Differential Mortliaty
To quantitatively compare latent mortality of transported juvenile Chinook salmon to that of in-river migrating ones, Marmorek and Peters (1998) developed a simple model for differential mortality (D). First, the survival rate in the ocean (O) can be determined by dividing the SAR by the juvenile survival (S) for transported (T) fish (i.e.  SOT = SART/ST) and for in-river (I) migrating fish (i.e.  SOI = SARI/SI). The ratio of ocean survival of transported fish to that of in-river migrating fish is D = SOT/SOI.  D with a value less than 1 represents higher latent mortality in transported fish than in in-river migrating fish.  D for the SAR from Bonneville Dam to Lower Granite Dam from 1997 to 1999 was 0.62 (Bouwes et al. 2001). For the SAR of transported fish from Lower Granite Dam, the mean from 1997 to 1999 was 0.77. Overall, the geometric mean of D from 1994 to 2003 (excluding 2001) was 0.48 (Berggren et al. 2005). The lower SARs of transported fish relative to in-river migrants is thought to be caused by latent mortality.

Indices of mortality
Determining indices of latent mortality can be difficult.
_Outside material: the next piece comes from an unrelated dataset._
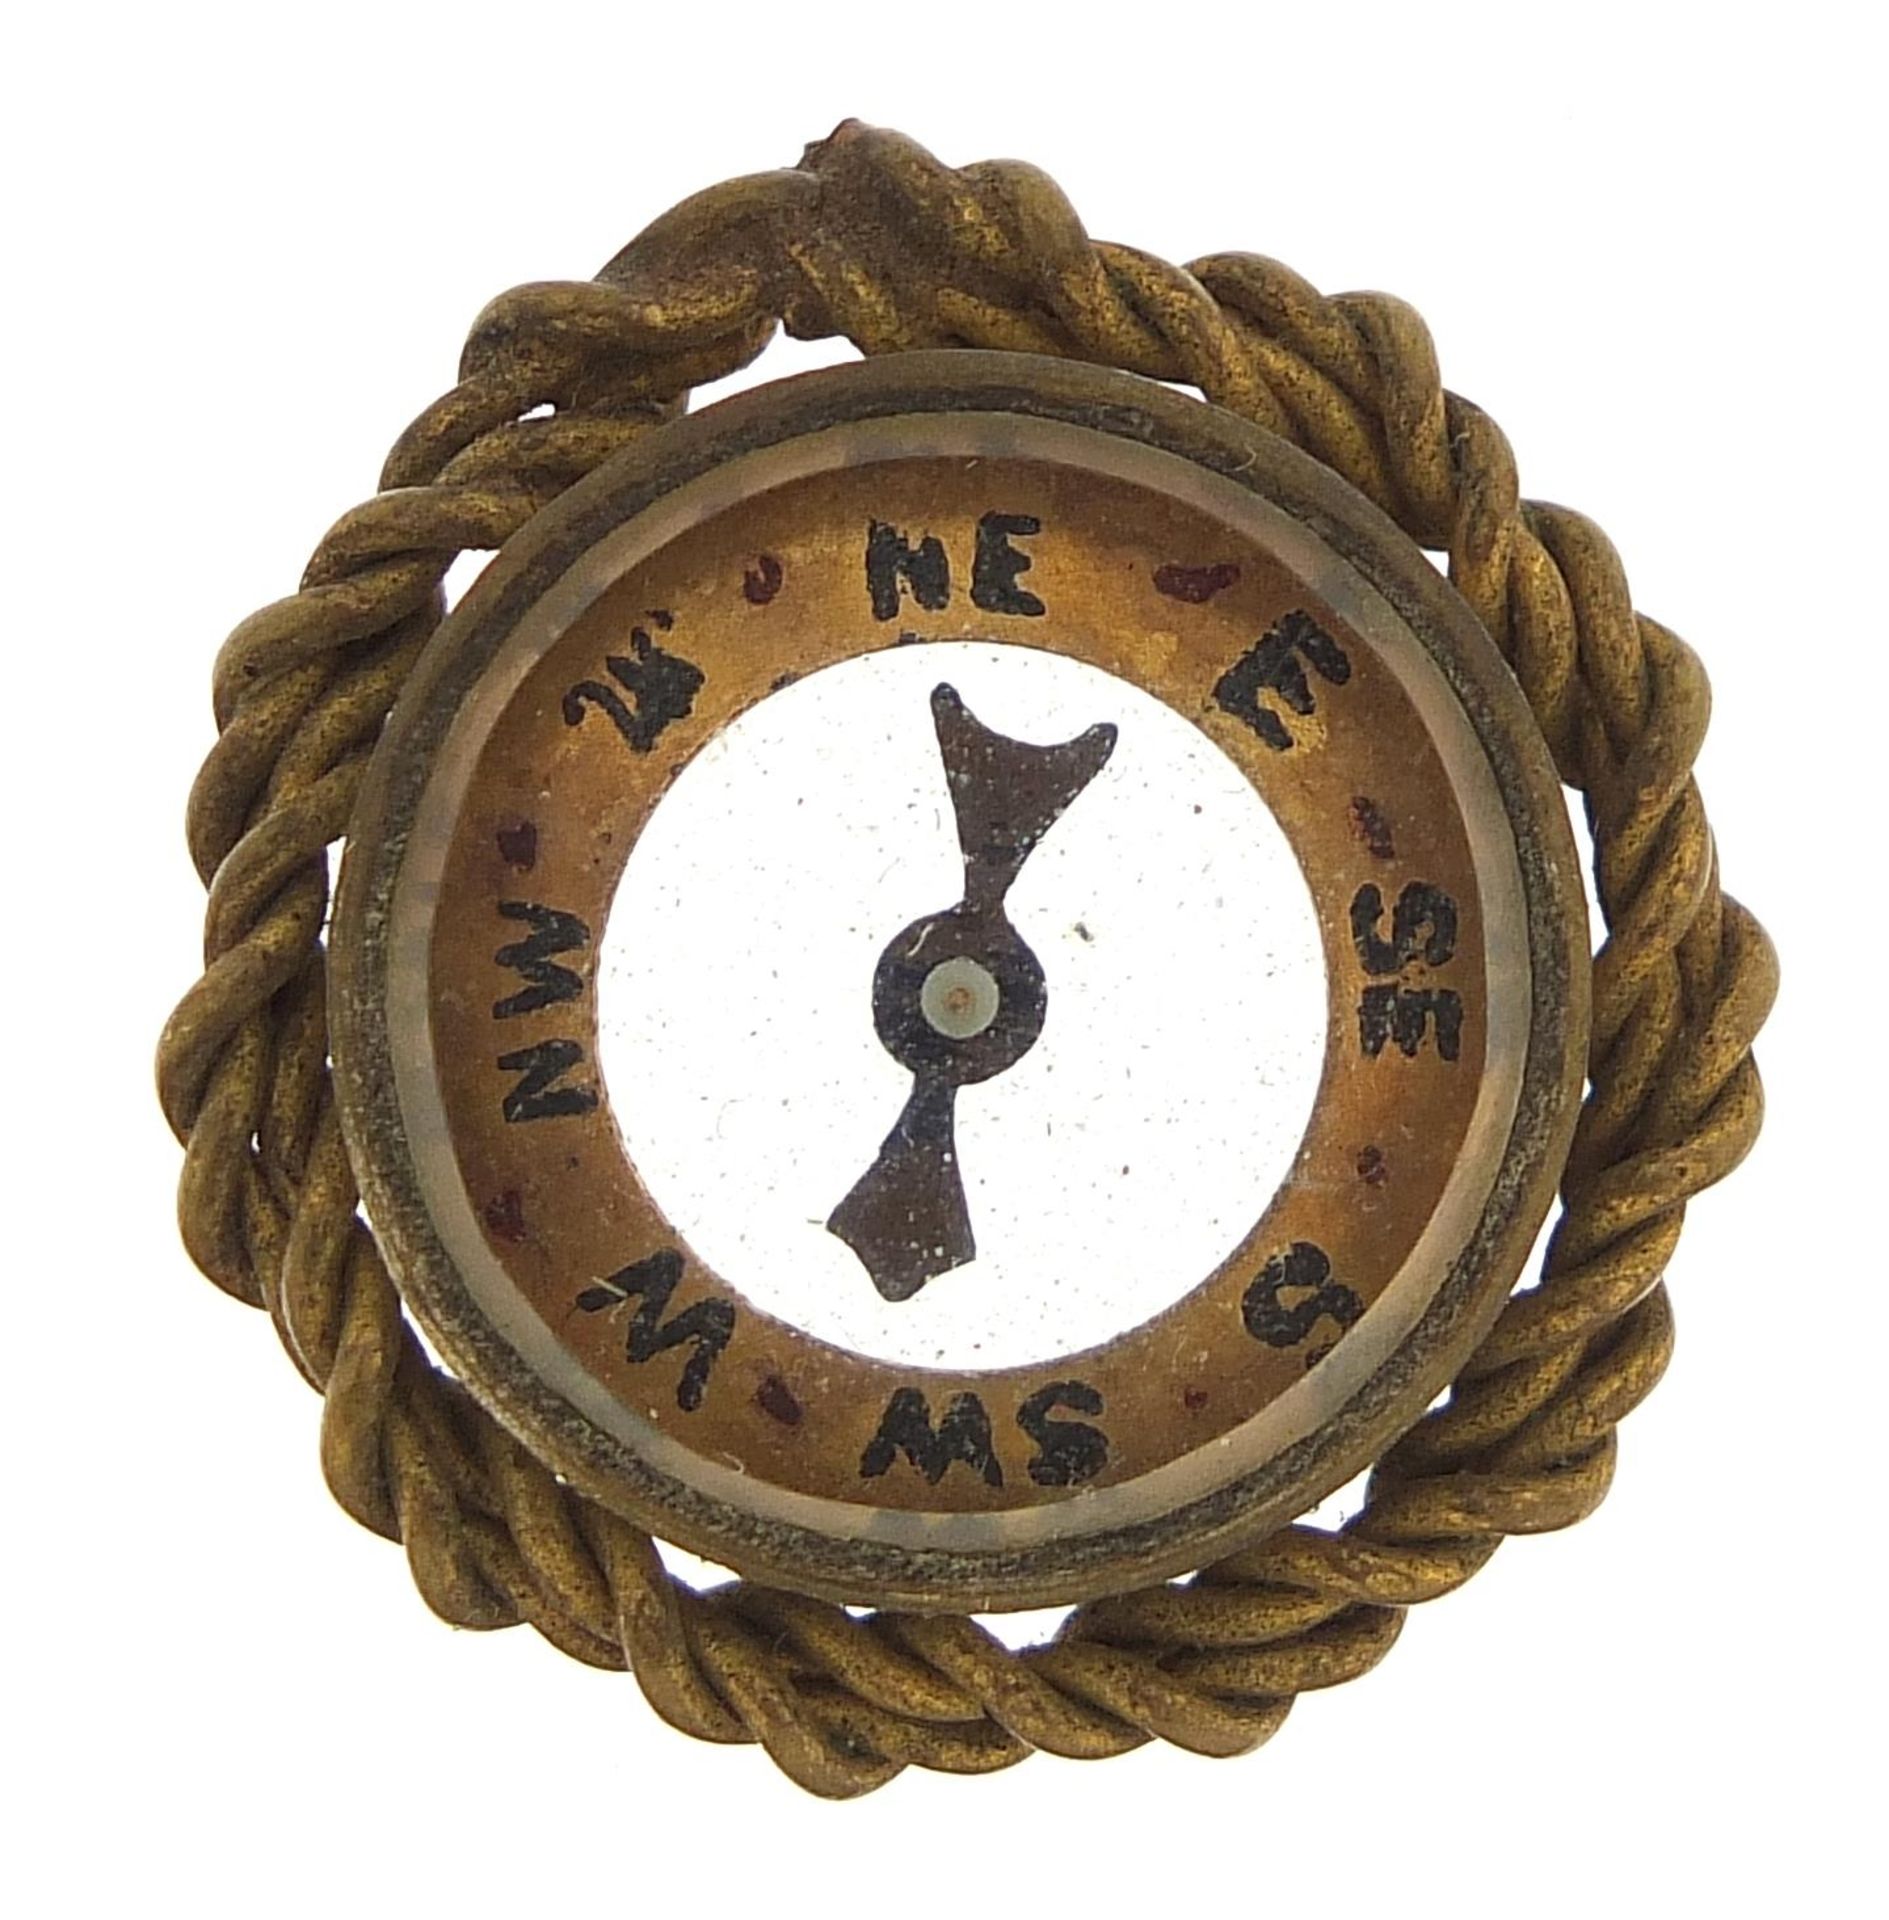 Gilt metal compass, 2.1cm in diameter, 4.0g

Stress can be exhibited at the organismal level with stress hormones (generalized stress response), or at the cellular level with stress proteins (cellular stress response, Hightower 1991). Stress and resistance to stress has been measured by cortisol, catecholamines, blood glucose, and heat shock proteins to name a few (Bonga 1997, Feder and Hofman 1999). I chose to explore heat shock protein 70kDa as a potential indicator of stress.